Fluorouracil-Leucovorin (FU/LV): An updated-meta analysis compared to FU-alone resulted in higher overall response rates (ORR 21% versus 11%) and 1-year OS (47% versus 37%) favoring FU/LV. The 2 most commonly used regimens in the United States include the Mayo regimen (bolus FU: 425 mg/m^2 and LV: 20 mg/m^2 on days 1 to 5 every 4 to 5 weeks) and the Roswell Park regimen (Bolus FU: 500 mg/m^2 and LV: 500 mg/m^2 administered weekly for 6 out of 8 weeks). Further improved by the de Gramont regimen (LV: 200 mg/m^2 as a 2-hour infusion followed by bolus FU: 400 mg/m^2 and 22-hour infusion FU: 600 mg/m^2 for 2 consecutive days every 2 weeks) with significantly better ORR (33% vs. 14%), PFS (7 vs. 5 months) and OS (15.5 vs. 14.2 months) with significantly less grade 3/4 toxicities (23.9% versus 11.1%) compared to the Mayo regimen.

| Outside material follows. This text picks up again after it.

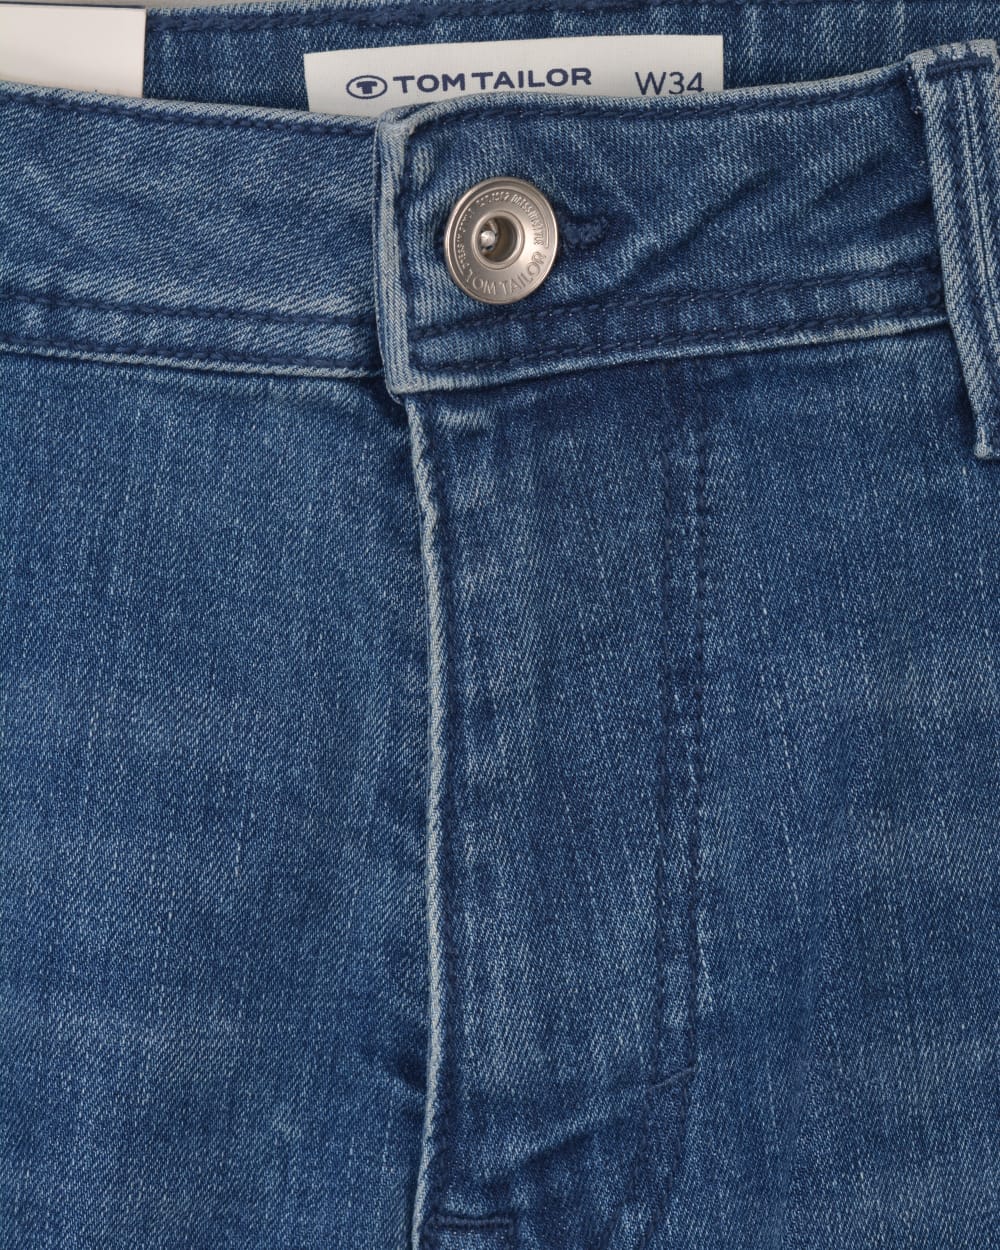 Tom Tailor Josh regular slim Denim Stone jeans Coolmax Blue | handsandhead Used Mid

Capecitabine (CAP): A phase III clinical trial by Hoff PM et al. prospectively randomly assigned patients to oral CAP (1250 mg/m^2 twice daily for 14 days every 21 days) or FU/LV (the Mayo regimen), resulting in non-inferior ORR (24.8% versus 15.5%), time to progression (TTP 4.3 versus 4.7 months) and mOS (12.5 versus 13.3 months), respectively. CAP, common side effects of this drug included diarrhea (overlapping toxicities with irinotecan), hyperbilirubinemia, and hand-foot syndrome. CAP has never been directly compared with infusional FU/LV (de Gramont regimen). CAPOX versus infusional FOLFOX has shown similar efficacy in treating advanced CRC shown by the phase TREE-1 trial and AIO trial. In the United States clinical practice, dose-reducing CAP by about 20% (1000 mg/m^2) alone or in combination regimens does not appear to decrease the treatment efficacy, but it greatly improves the side effect profile of the treatment. Other alternative oral fluoropyrimidines not approved in the United States include S1- derived three different agents tegafur-uracil, gimeracil, and oteracil, and raltitrexed.

Irinotecan (IRI): In a landmark phase II clinical trial, patients with FU-refractory mCRC were randomly assigned either single-agent IRI (300mg/m^2 every 3 weeks) or BSC, showed a significant 1-year OS (36% versus 14%) with improved quality of life (performance status, weight loss, and pain-free), respectively. Following this, 3 key trials were conducted to test the role of IRI versus FU/LV in the front-line setting. A 3-arm trial compared three treatment regimens: the Roswell Park regimen, IRI plus FU/LV weekly bolus regimen (IFL or Saltz regimen), and IRI alone.

The trial results significantly favored IFL with an ORR (39% versus 21%) and mOS (14.8 versus 12.6 months). In Europe, 3 pivotal phase III trials compared the FU/LV regimens to FOLFIRI regimens (the Douillard regimen-IRI: 180 mg/m^2 on day 1, FU: 400 mg/m^2 bolus followed by 600 mg/m^2 over 22 hours, both on days 1 and 2, and LV: 200 mg/m^2 on days 1 and 2). The Douillard FOLFIRI regimen trial demonstrated a significant ORR  (49% versus 31%), TTP (6.7 versus 4.4 months), and extended mOS (17.4 versus 14.1 months). Higher side effects of the irinotecan-group were diarrhea, myelosuppression, and alopecia. Of note, IRI combinations require an adequate biliary function for its active glucuronide metabolite, SN-38, to be excreted. Approximately 10% of US patients are homozygous for the UGT1A1*28 allele polymorphism increasing SN-38 bioavailability and therefore recommended starting at a lower dose of irinotecan.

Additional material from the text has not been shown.